***
description: >-
Step-by-step guide to setting up and running your first text curation pipeline
with NeMo Curator
categories:
* getting-started
tags:
* text-curation
* installation
* quickstart
* data-loading
* quality-filtering
* python-api
personas:
* data-scientist-focused
* mle-focused
difficulty: beginner
content\_type: tutorial
modality: text-only
***
# Get Started with Text Curation
This guide provides step-by-step instructions for setting up NeMo Curator’s text curation capabilities.
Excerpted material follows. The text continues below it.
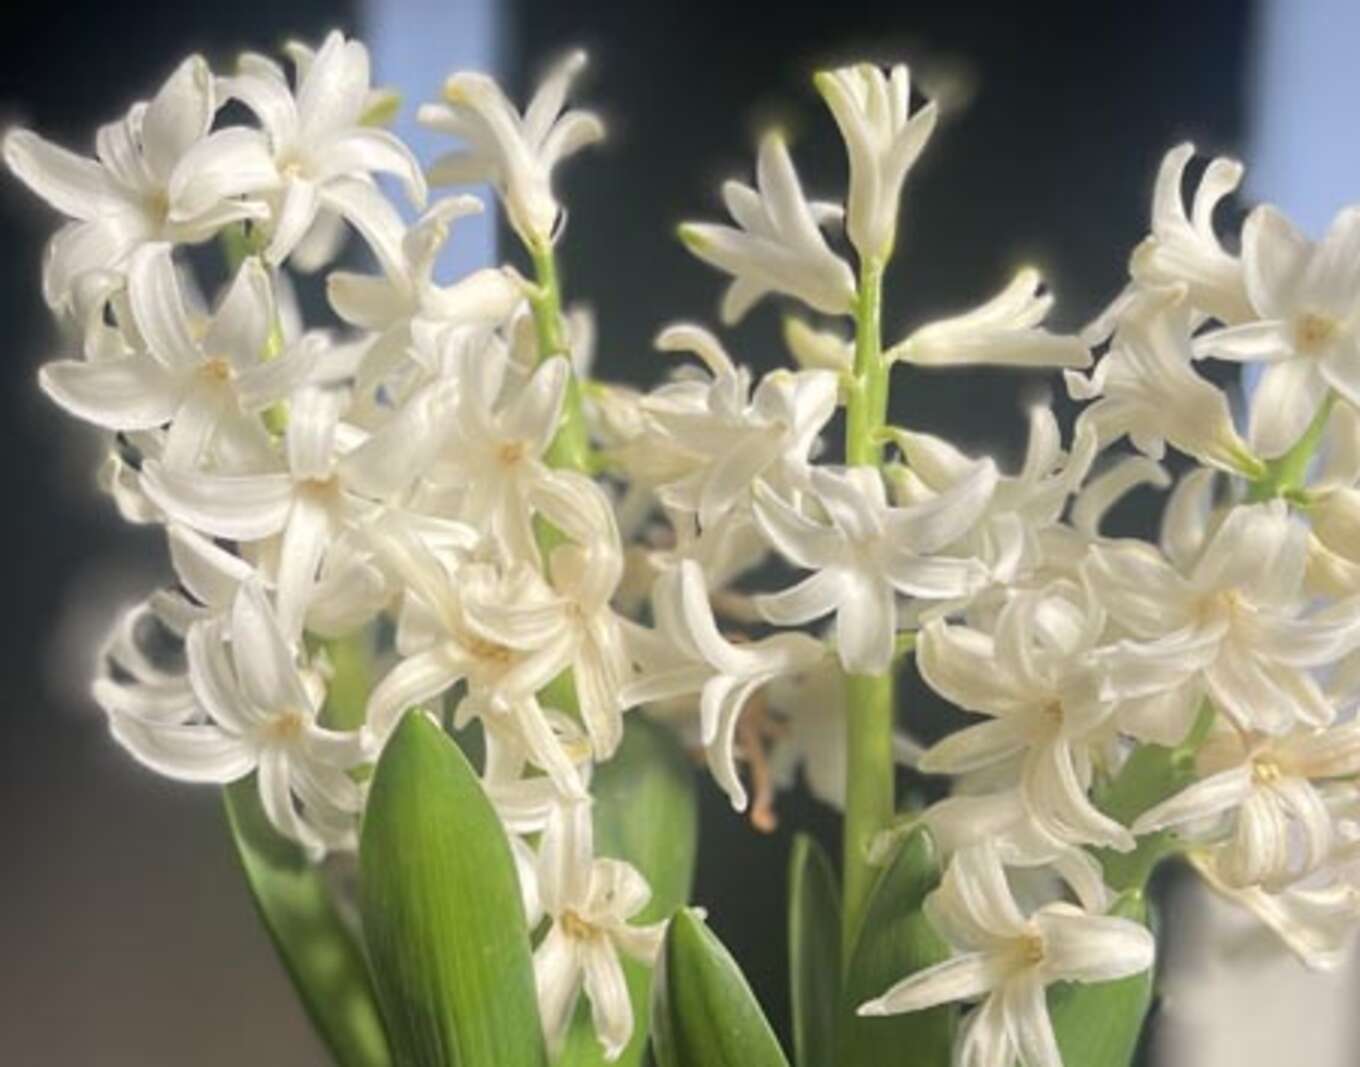 ヒヤシンス。気品を感じる光沢のある白い花です。

Follow these instructions to prepare your environment and execute your first text curation pipeline.
## Prerequisites
To use NeMo Curator’s text curation modules, ensure your system meets the following requirements:
* Python 3.10, 3.11, or 3.12
* packaging >= 22.0
* uv (for package management and installation)
* Ubuntu 22.04/20.04
* NVIDIA GPU (optional for most text modules, required for GPU-accelerated operations)
* Volta™ or higher (compute capability 7.0+)
* CUDA 12 (or later)
If `uv` is not installed, refer to the [Installation Guide](/admin/installation) for setup instructions, or install it quickly using:
```bash
curl -LsSf https://astral.sh/uv/0.8.22/install.sh | sh
source $HOME/.local/bin/env
```
***
## Installation Options
You can install NeMo Curator using one of the following methods:
The simplest way to install NeMo Curator:
```bash
uv pip install "nemo-curator[text_cuda12]"
```
For other modalities (image, video) or all modules, see the [Installation Guide](/admin/installation).
Install the latest version directly from GitHub:
```bash
git clone https://github.com/NVIDIA-NeMo/Curator.git
cd Curator
uv sync --extra text_cuda12 --all-groups
source .venv/bin/activate
```
Replace `text_cuda12` with your desired extras: use `.` for CPU-only, `.[text_cpu]` for text processing only, or `.[all]` for all modules.
NeMo Curator is available as a standalone container:
```bash
# Pull the container
docker pull nvcr.io/nvidia/nemo-curator:{{ container_version }}
# Run the container
docker run --gpus all -it --rm nvcr.io/nvidia/nemo-curator:{{ container_version }}
```
For details on container environments and configurations, see [Container Environments](/reference/infra/container-environments).
## Prepare Your Environment
NeMo Curator uses a pipeline-based architecture for processing text data. Before running your first pipeline, ensure you have a proper directory structure:
## Set Up Data Directory
Create the following directories for your text datasets:
```bash
mkdir -p ~/nemo_curator/data/sample
mkdir -p ~/nemo_curator/data/curated
```
For this example, you need sample JSONL files in `~/nemo_curator/data/sample/`. Each line should be a JSON object with at least `text` and `id` fields. You can create test data or refer to [Read Existing Data ](/curate-text/load-data/read-existing) and [Data Loading ](/curate-text/load-data) for information on downloading data.
**Set your HuggingFace token** to avoid rate limiting when downloading models or datasets:
export HF\_TOKEN="your\_token\_here"
Without a token, repeated downloads from Hugging Face may result in `429 Client Error` (rate limiting). Get a free token at [huggingface.co/settings/tokens](https://huggingface.co/settings/tokens).
## Basic Text Curation Example
Here's a simple example to get started with NeMo Curator's pipeline-based architecture:
```python
from nemo_curator.pipeline import Pipeline
from nemo_curator.stages.text.io.reader import JsonlReader
from nemo_curator.stages.text.io.writer import JsonlWriter
from nemo_curator.stages.text.modules.score_filter import ScoreFilter
from nemo_curator.stages.text.filters import WordCountFilter, NonAlphaNumericFilter
# Create a pipeline for text curation
pipeline = Pipeline(
name="text_curation_pipeline",
description="Basic text quality filtering pipeline"
)
# Add stages to the pipeline
pipeline.add_stage(
JsonlReader(
file_paths="~/nemo_curator/data/sample/",
files_per_partition=4,
fields=["text", "id"]
)
)
# Add quality filtering stages
pipeline.add_stage(
ScoreFilter(
filter_obj=WordCountFilter(min_words=50, max_words=100000),
text_field="text",
score_field="word_count"
)
)
pipeline.add_stage(
ScoreFilter(
filter_obj=NonAlphaNumericFilter(max_non_alpha_numeric_to_text_ratio=0.25),
text_field="text",
score_field="non_alpha_score"
)
)
# Write the curated results
pipeline.add_stage(
JsonlWriter("~/nemo_curator/data/curated")
)
# Execute the pipeline
results = pipeline.run()
print(f"Pipeline completed successfully! Processed {len(results) if results else 0} tasks.")
```
## Next Steps
Explore the [Text Curation documentation](/curate-text) for more advanced filtering techniques, GPU acceleration options, and large-scale processing workflows.